Glass shattered and train employees fled the locomotive to the caboose as a shirtless man wielding an AK-47 entered a car with hundreds of passengers.

What was supposed to be a relaxing train ride from Amsterdam to Paris for three childhood friends from Sacramento on Aug. 21, 2015 turned out the opposite.

The trio from Sacramento, Spencer Stone, Alek Skarlatos and Anthony Sadler, jumped into action to stop the terrorist attack. Skarlatos, who was already awake and observing the scene, watched from behind his seat as Stone awoke from a nap, jumped into action and run full speed at the terrorist, Ayoub El Khazzani. Skarlatos followed.

“When you’re in a moment like that, the adrenaline dump is so much that it literally is like a movie, time really slows down,” Stone told The Sacramento Bee. “I felt like my brain was working at full capacity. I ran through a couple options in my head just looking at him for a second.”

Stone and Skarlatos, who had military experience in the United States Air Force and Army, respectively, along with Sadler eventually subdued Khazzani and knocked him unconscious due after a choke hold from Stone and repeated headshots with the muzzle of the AK-47 from Skarlatos.

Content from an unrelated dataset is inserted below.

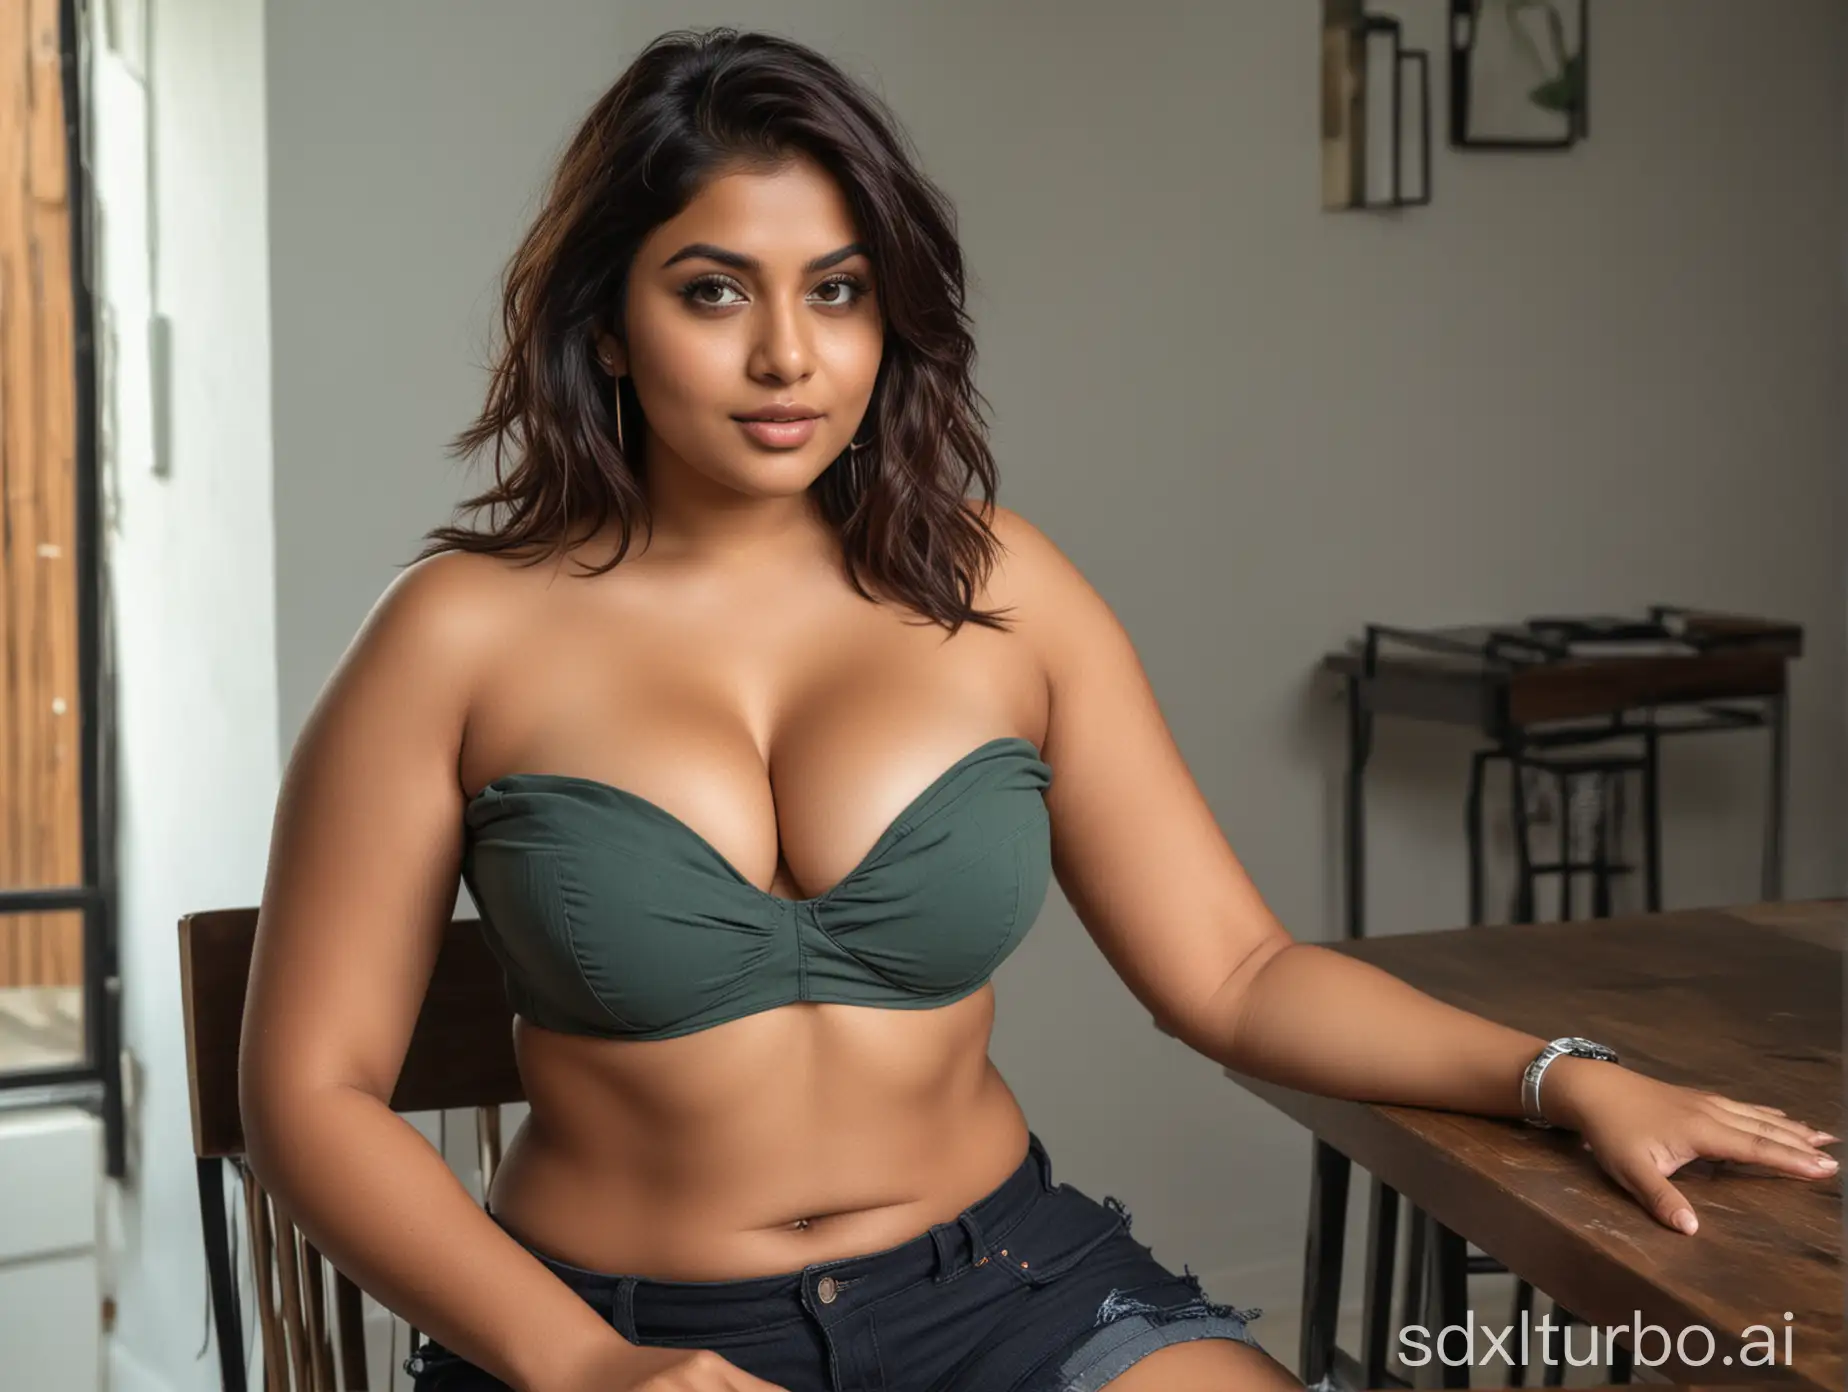 Sultry-Indian-Woman-in-Unbuttoned-Crop-Top-Sitting-at-Table
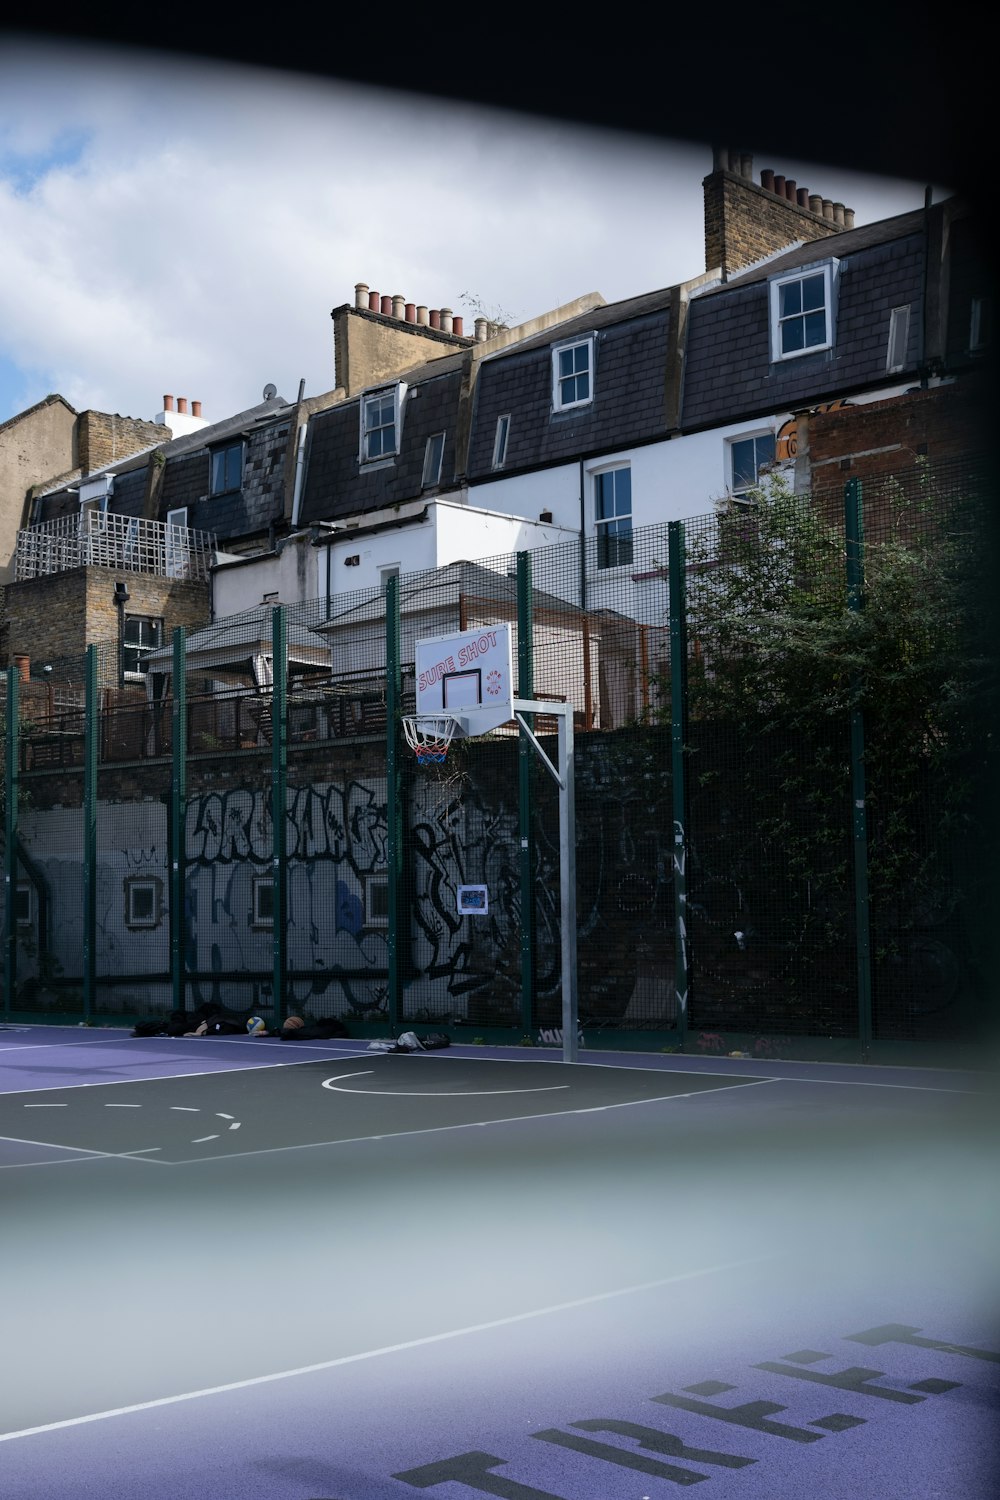 a basketball court with graffiti on the side of it

Within a matter of minutes, the trio of friends from Sacramento went from tourists to international heroes for stopping an attempted terrorist attack.

Related: 3 Americans who foiled Paris train attack awarded French citizenship

However, the trio were not the only heroes that day, as Mark Moogalian, an American-born Frenchman, was the second passenger to intervene as he attempted to wrestle the rifle from Khazzani and sustained a non-fatal gunshot wound to the neck from a pistol.

“As time has gone on and I’ve been able to evaluate the situation over and over and over again, to me Mark is the number one guy in my eyes,” Stone explained. “He was always portrayed as the guy who got shot. In reality, he was one of the first guys to engage with the terrorist. He set us up to do something.”

With his military experience, Stone was later able to save Moogalian’s life by sticking his fingers in his wound until they reached the next train station.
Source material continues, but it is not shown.